I deal with a lot of email in a day, and I’ve always been a huge believer in using the power of a computer to make life easier by automating the prioritization and triage of material to my attention. Surprisingly to most people though, I don’t have that many mail client rules that automatically folder messages based on the subject or what not. I proactively make sure that I’m only subscribed to lists that actively deliver information I’m interested in and that are time-sensitive. If a message is of low-enough importance that I can automatically file out of my inbox then its low-importance enough to ignore completely.
The one type of mail filter I do use actively is the (I believe) little-used capability in most mail clients to automatically apply colors/labels to messages matching certain criteria. Receiving well north of a hundred or more real emails a day, automatically highlighting messages that are specifically to me is a very effective way to triage things that probably need a more urgent response than the latest “There’s a car with its lights on” message.

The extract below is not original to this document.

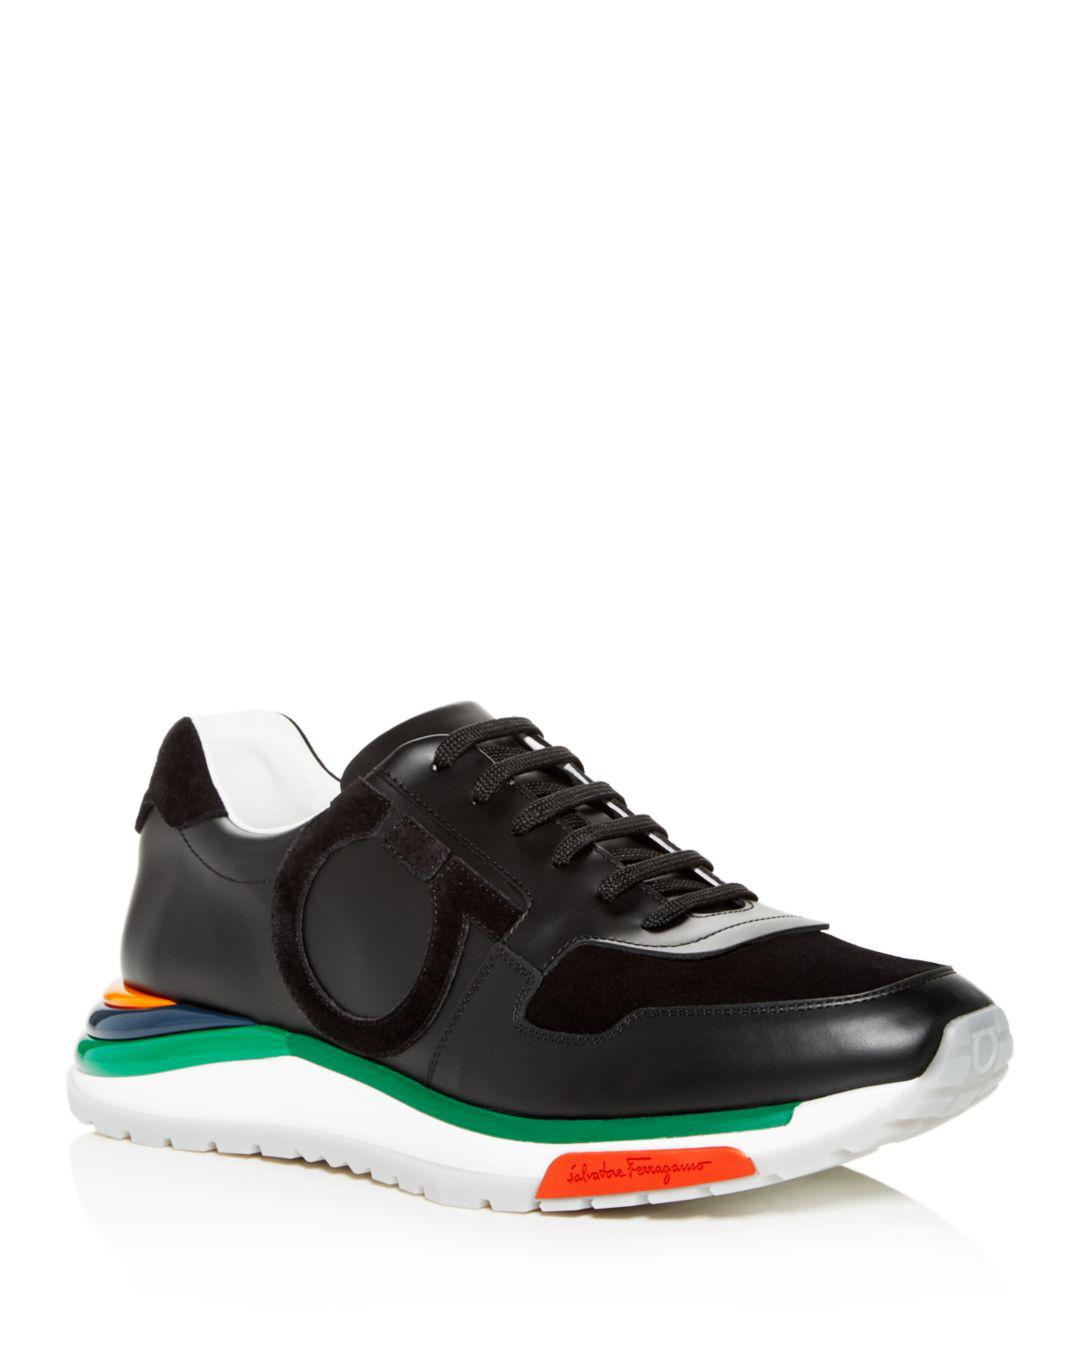 c808e2e277b Lyst - Ferragamo Men s Brooklyn Sneakers W  Rainbow Sole in Black ...

I use Green to symbolize messages where I’m in the To: field, Blue for messages where I’m Cc’d, and Purple (a new one) for messages to mail aliases where I am the primary responder. Anything in black was to a group list and is (likely) of lower priority.
Enabling this feature is different on each mail client, but I know its easy to do on OSX Mail.app and Entourage, and I even originally learned this trick on Unix Pine (actually using a + and a – next to messages to annotate if I was on the To: or Cc: list.